Note: They call this technique “semi-supervised” in that they are training it by having it always try to predict the next word in the text, and adjusting the “weights” according to how well it predicts that word. But it’s not fully supervised like the english to german translation, as there is no exact answer for them to compare against. (This author’s opinion is it’s pretty much fully supervised but what do I know)
They focused on 4 specific tasks to evaluate:
“natural language inference” - Given two sentences, determine if the first follows from the second.
“Danny likes great Music” ⇒ “Danny likes Post Malone”. Those two sentences have a high natural language “entailment” score (given that you accept that post malone makes great music). Others sentence pairs may have a high “contradiction” or “neutral” score.
“question answering” - Literally just what ChatGPT does
“semantic similarity” - Given two sentences, how close are they in conveying the same thing
“text classification” - Determine which group a piece of text fits better with (in this case positive or negative sentiment)
For each of these they used an existing dataset that has training examples and the correct answer for each example so they can score how well their models did.
Fine-tuning
OKAY, you caught me. They didn’t only do the generative-training. (Hence the “pre”.) After the pre-training, they used a subset of their dataset for each task to train their model further for that specific task. “Then whats the freaking point? This is just my Dad’s neural networks with some fancy lipstick.” True, they still trained it on the task at hand but they had a hypothesis that their pre-training might make it even better. If you teach a child Algebra does it make them better at their future job doing Journalism? (My high school algebra teacher said that it does.) They wanted to test if pre-training can teach it fundamentals about the english language that pay dividends across multiple tasks. And guess what they found…
Results
Can you believe it??? IT WORKED! They were indeed able to show that by just showing the neural network lots and lots of text, it was able to learn enough to be adept at a wide variety of tasks. They used “Generative” (Generating the next word in a sequence of text) “Pre-Training” (Training it ahead of time before testing it on various tasks) to create a model that could excel at a variety of tasks. On 9 out of the 12 tasks they tested it against their model achieved a new “state of the art”, outperforming models that were trained on those tasks explicitly.

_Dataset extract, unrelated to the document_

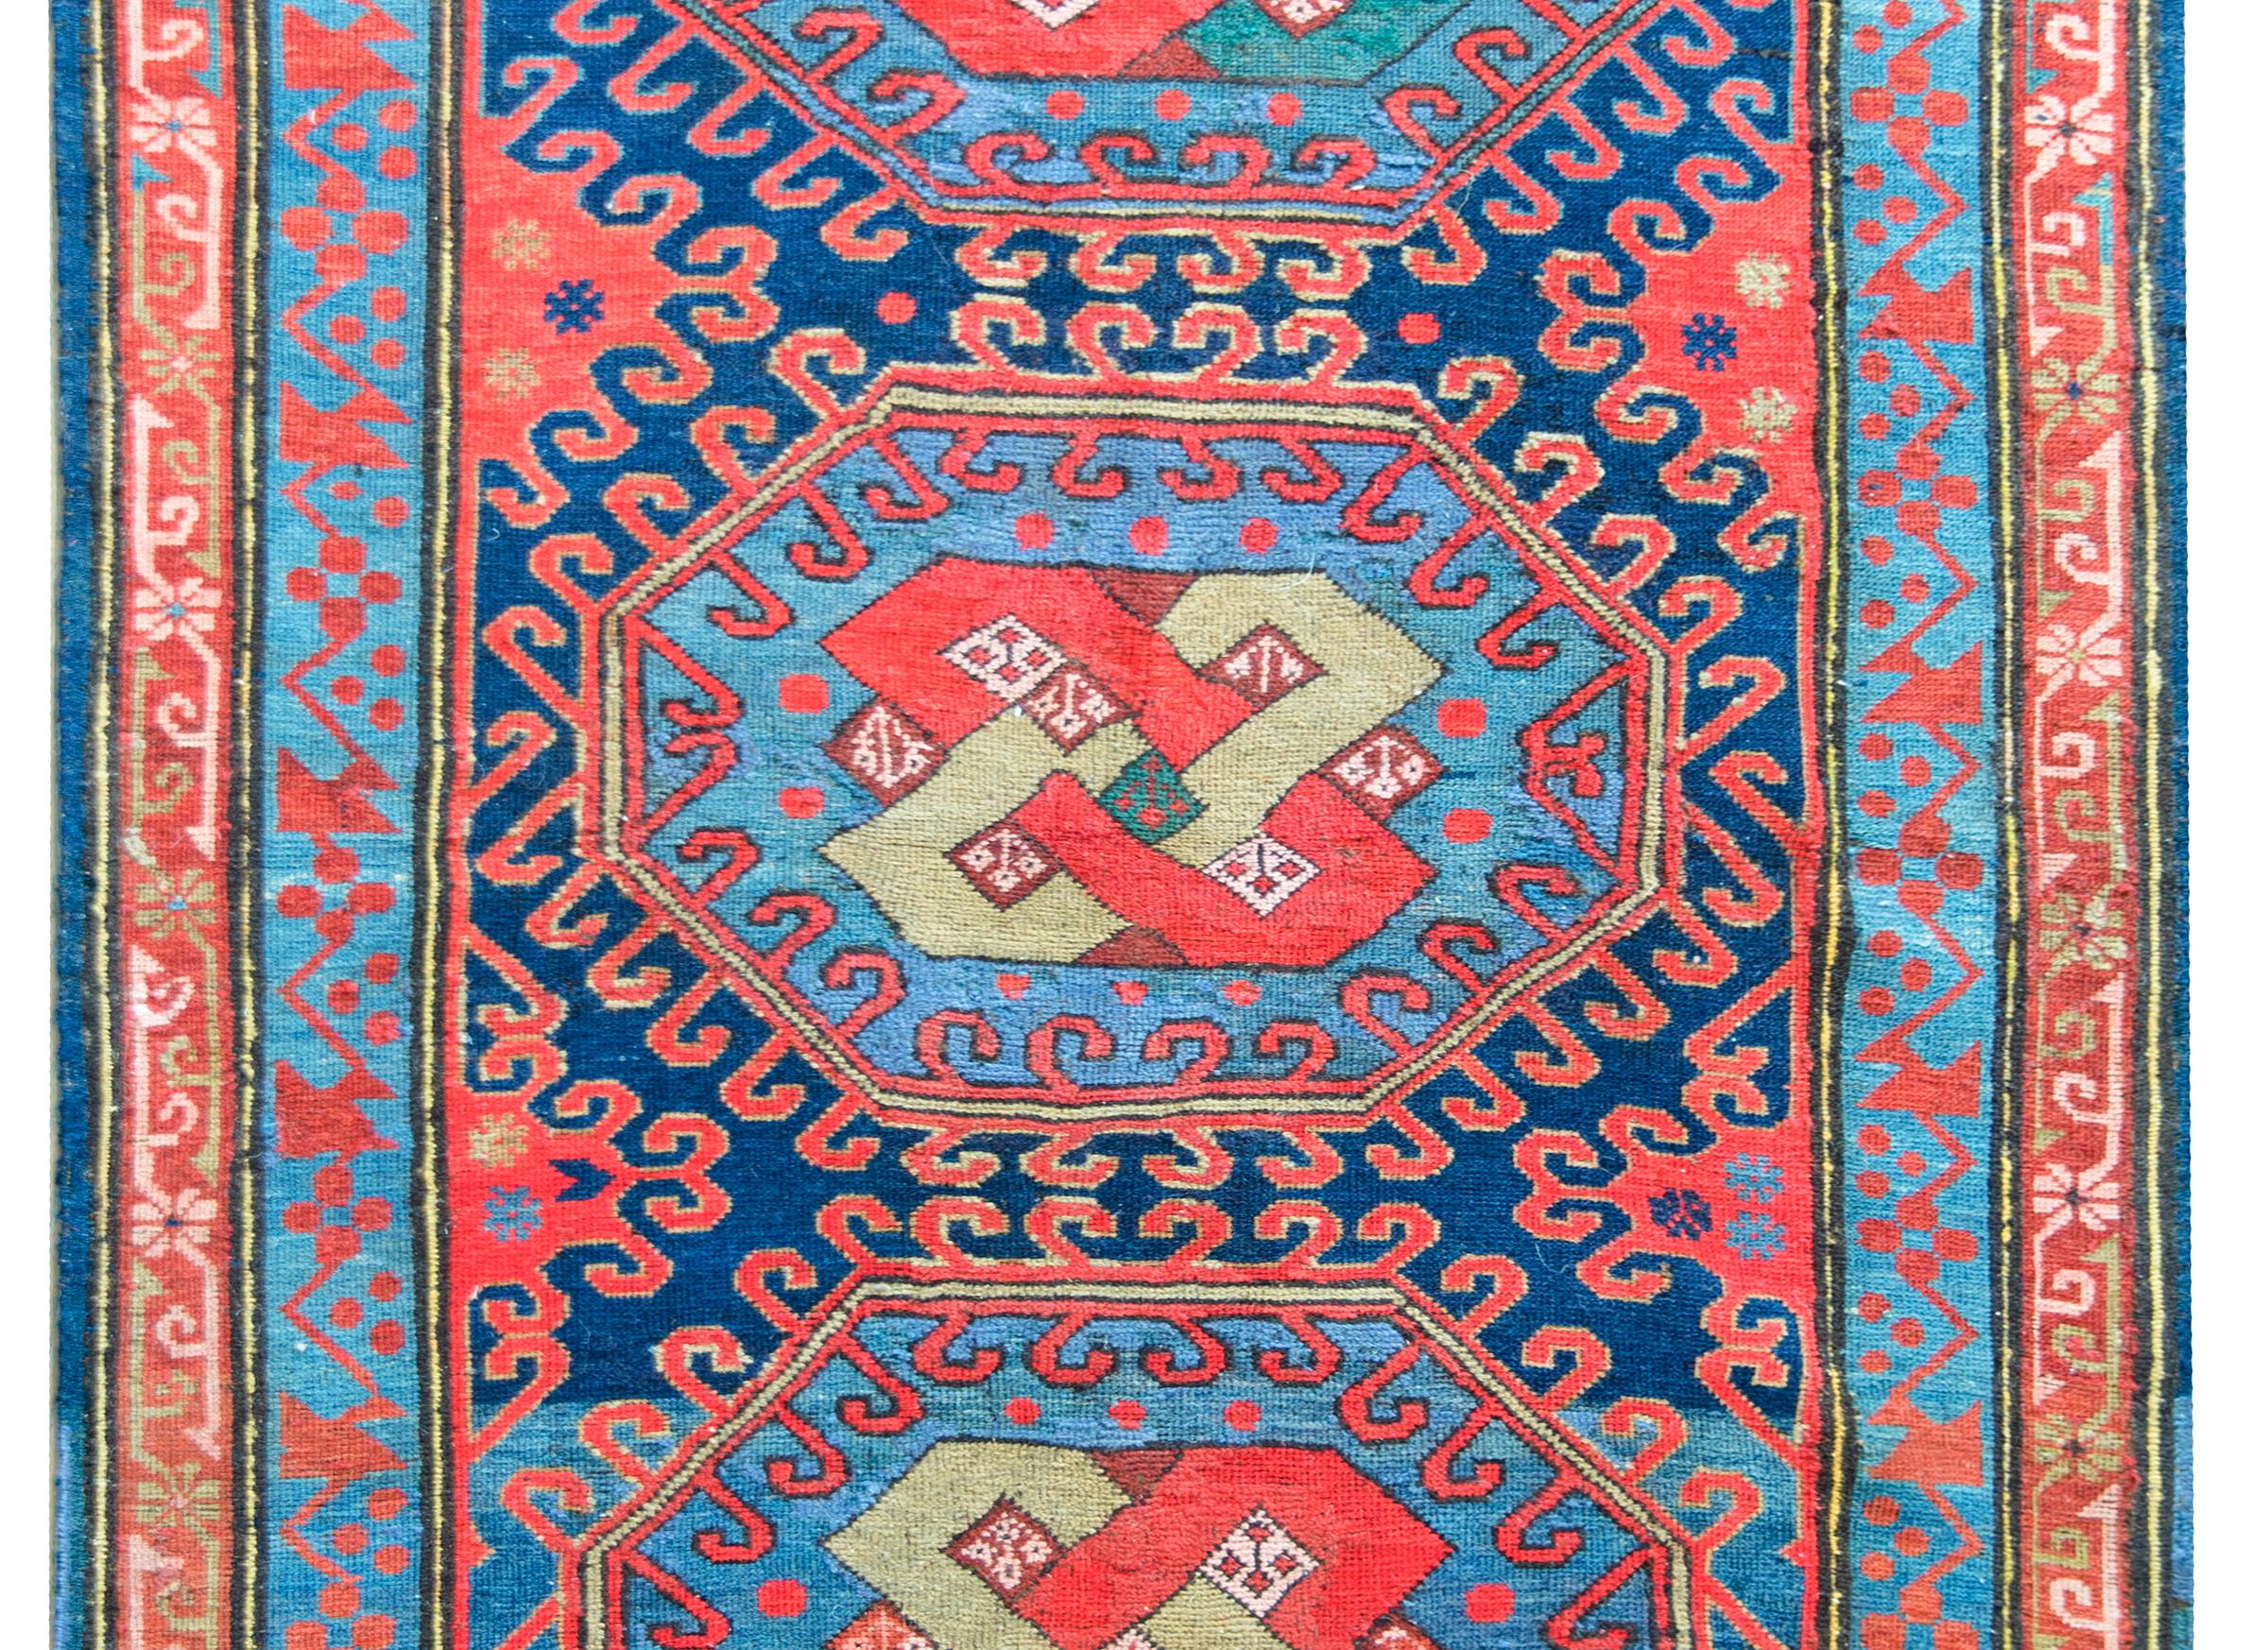 Ein unglaublicher persischer Kazak-Teppich aus dem frühen 20. Jahrhundert mit drei zentralen Medaillons, jedes mit einem endlosen Knotenmuster, umgeben von stilisierten Blumenmustern, und alle umgeben von einer komplexen Bordüre mit zwei floral

One of the things that I find notable about this paper is that it’s not that particularly surprising of an idea (though of course hindsight == 20:20). They mostly just took the model from the “Attention is All You Need” paper, threw a bunch of text at it and noticed that it does more than just english-to-german translation. To me it seems like a natural progression, but this simple idea had a large impact. I’ll note that one of the tasks it excelled at is ChatGPT’s bread and butter: “Question Answering” (cue the future of OpenAI and it’s $80 billion valuation.) I wonder if Alec Radford realized that his paper would set OpenAI and the entire AI industry down a path towards far and away the closest thing to artificial human-level intelligence we have ever seen: bigger and better Generative Pre-training Transformer (GPT) models such as ChatGPT. The only question remaining is, is sufficient generative pre-training enough to achieve Artificial General Intelligence? OpenAI is certainly aiming to find out.